• Information supplied:
=-=-=-=-=

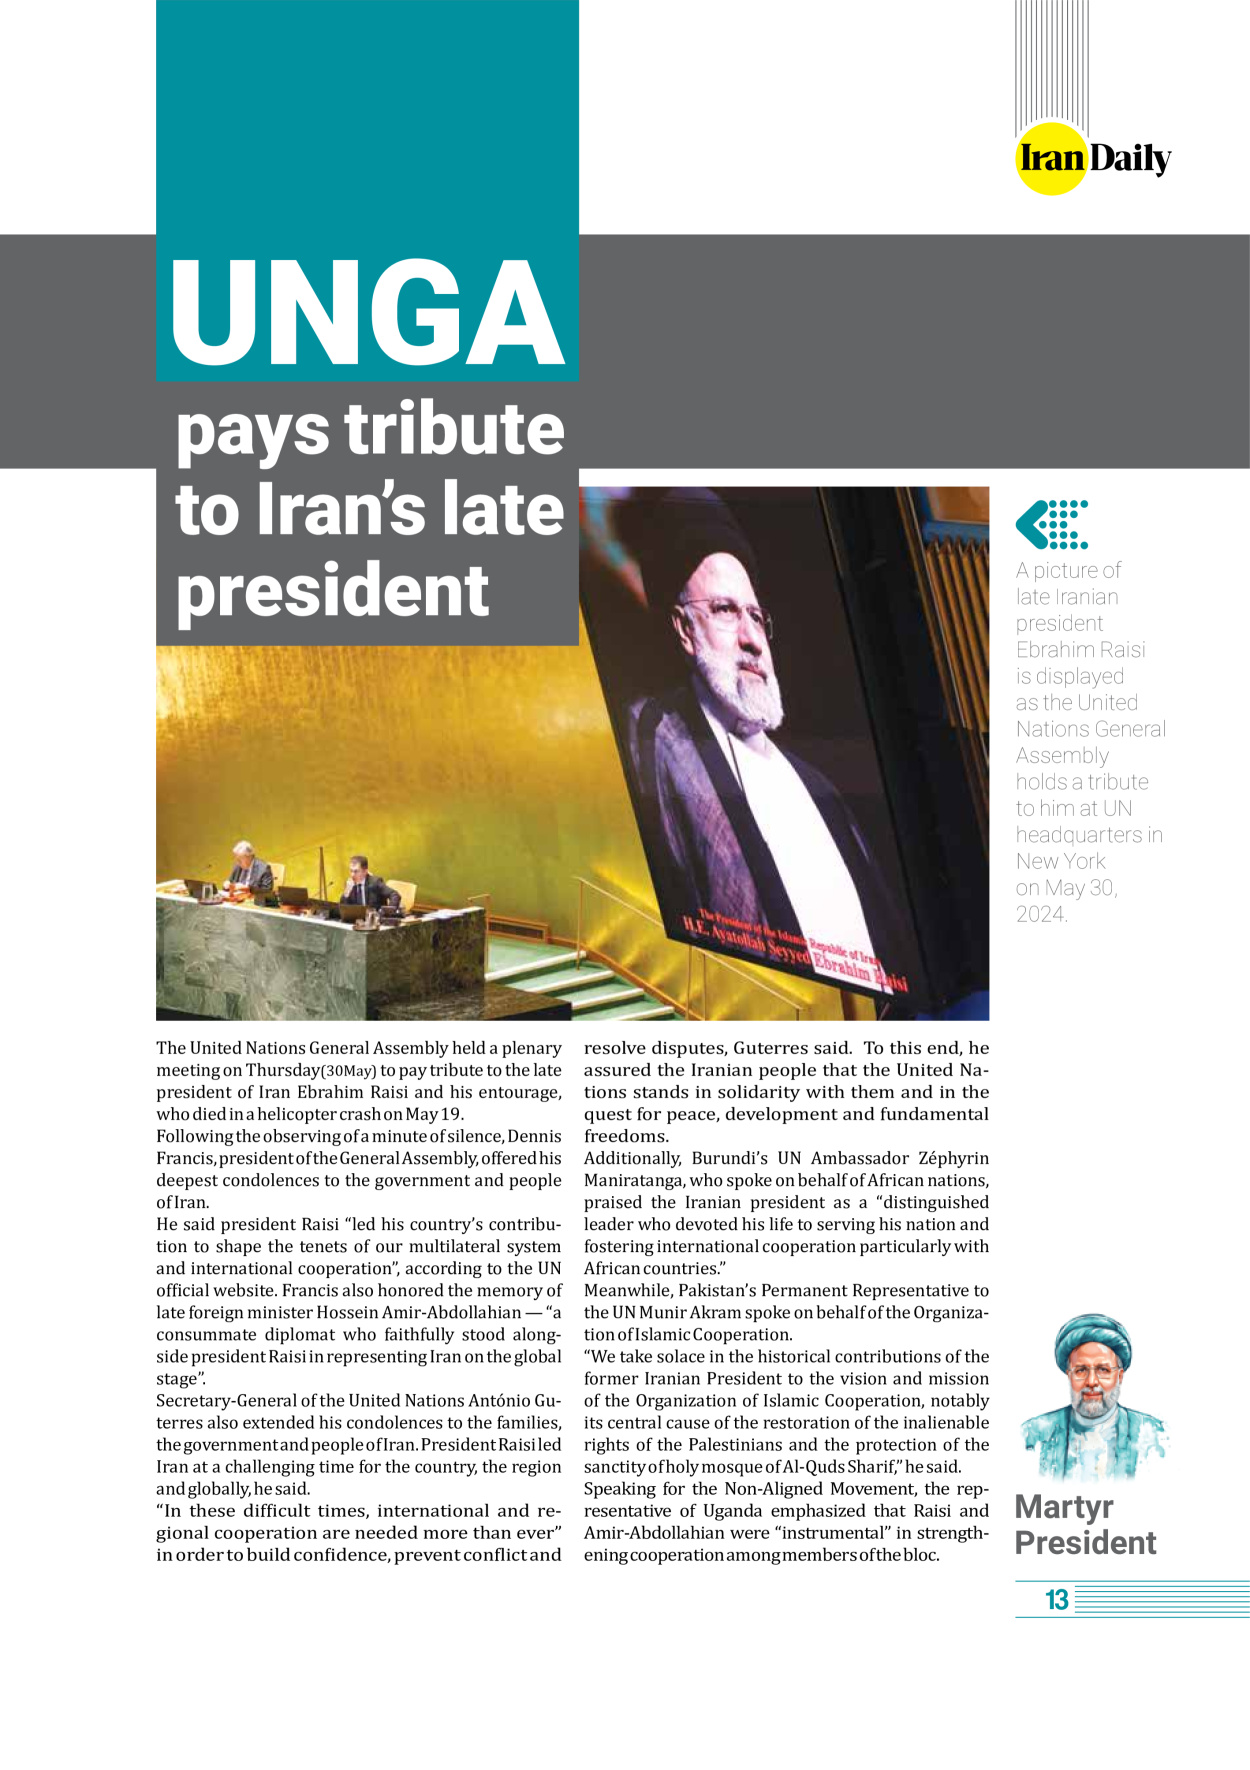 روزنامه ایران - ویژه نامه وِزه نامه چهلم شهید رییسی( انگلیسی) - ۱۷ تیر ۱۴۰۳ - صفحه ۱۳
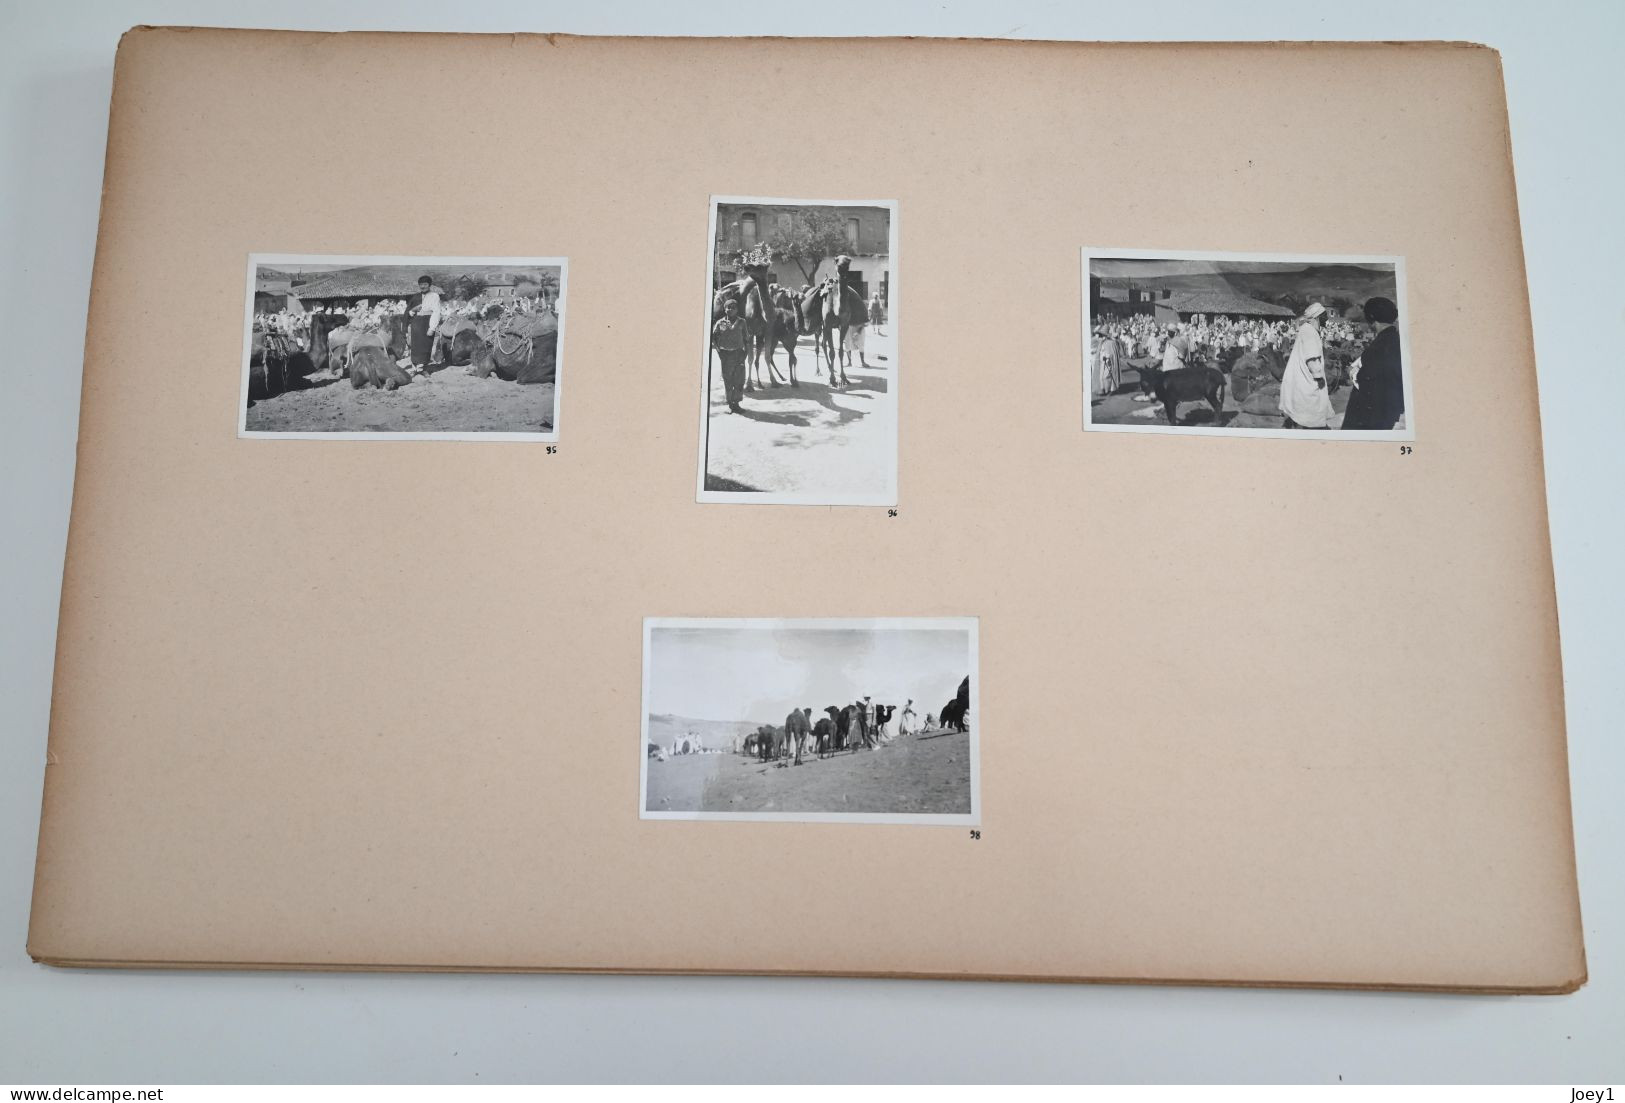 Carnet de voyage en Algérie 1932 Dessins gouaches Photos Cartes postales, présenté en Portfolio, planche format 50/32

=-=-=-=-=

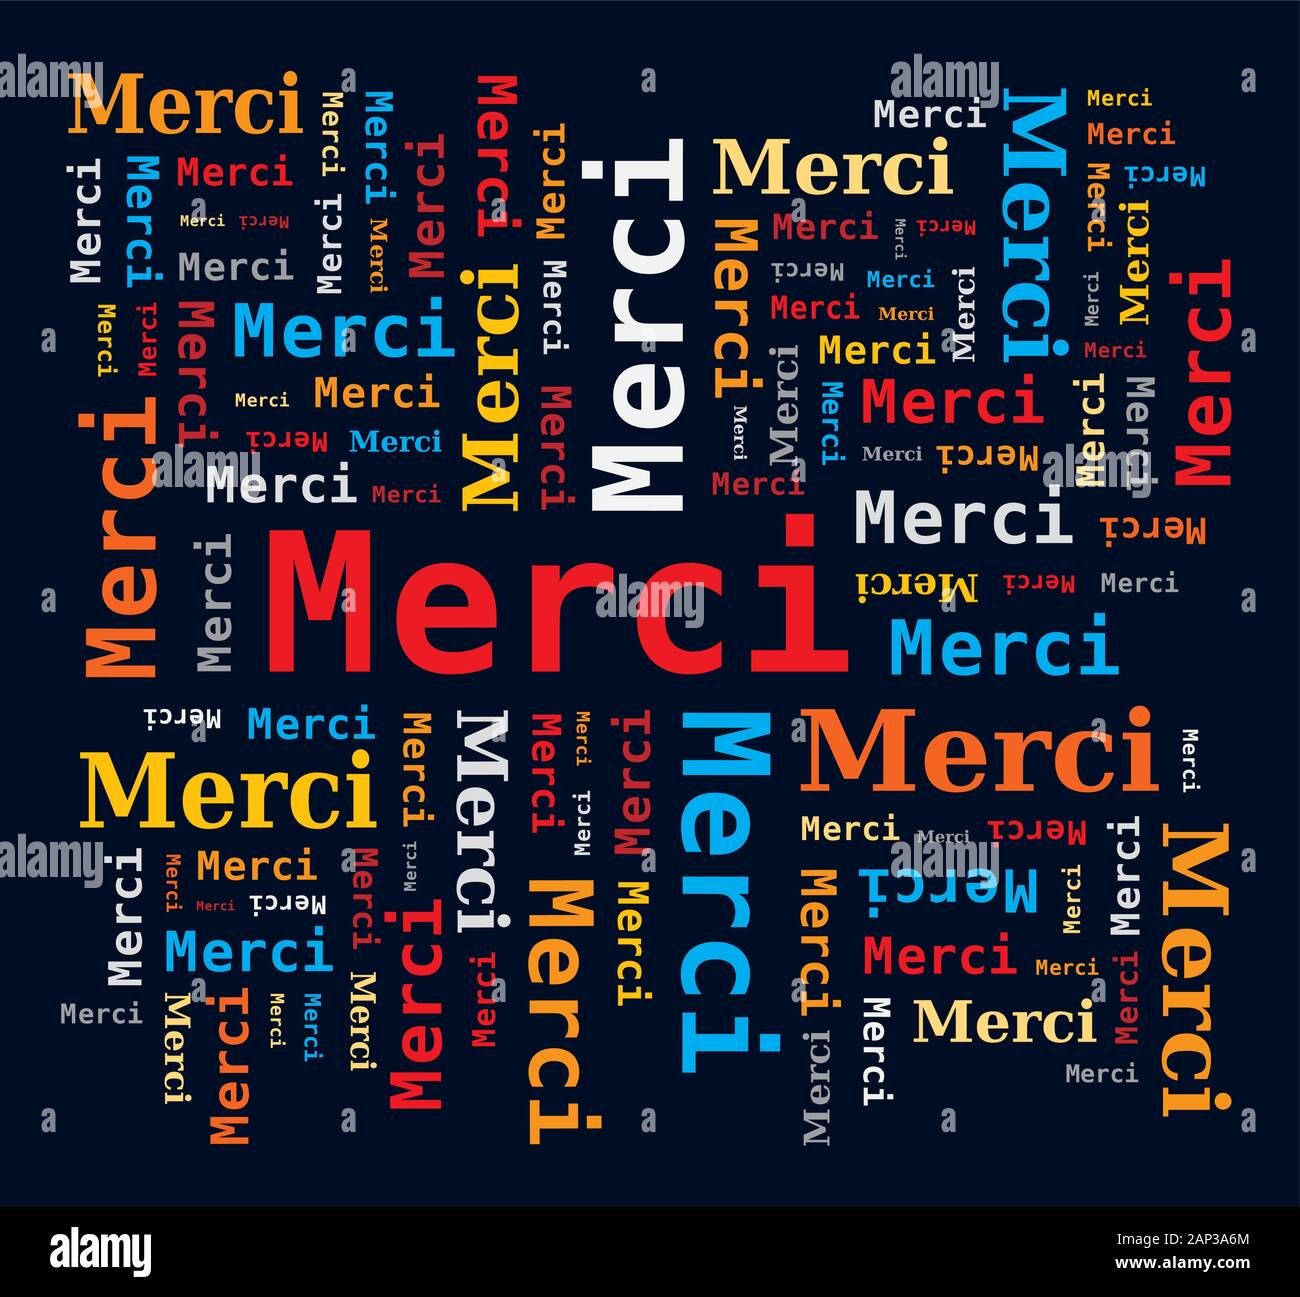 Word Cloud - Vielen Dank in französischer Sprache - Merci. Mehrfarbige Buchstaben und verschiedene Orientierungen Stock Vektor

=-=-=-=-=

• Task details: Within the entries above, give again exactly the lines starting at the one that contains "روزنامه ایران - ویژه" and ending at the one that contains "Carnet de voyage", leaving out the pictures.

• Written response:
 روزنامه ایران - ویژه نامه وِزه نامه چهلم شهید رییسی( انگلیسی) - ۱۷ تیر ۱۴۰۳ - صفحه ۱۳
 Carnet de voyage en Algérie 1932 Dessins gouaches Photos Cartes postales, présenté en Portfolio, planche format 50/32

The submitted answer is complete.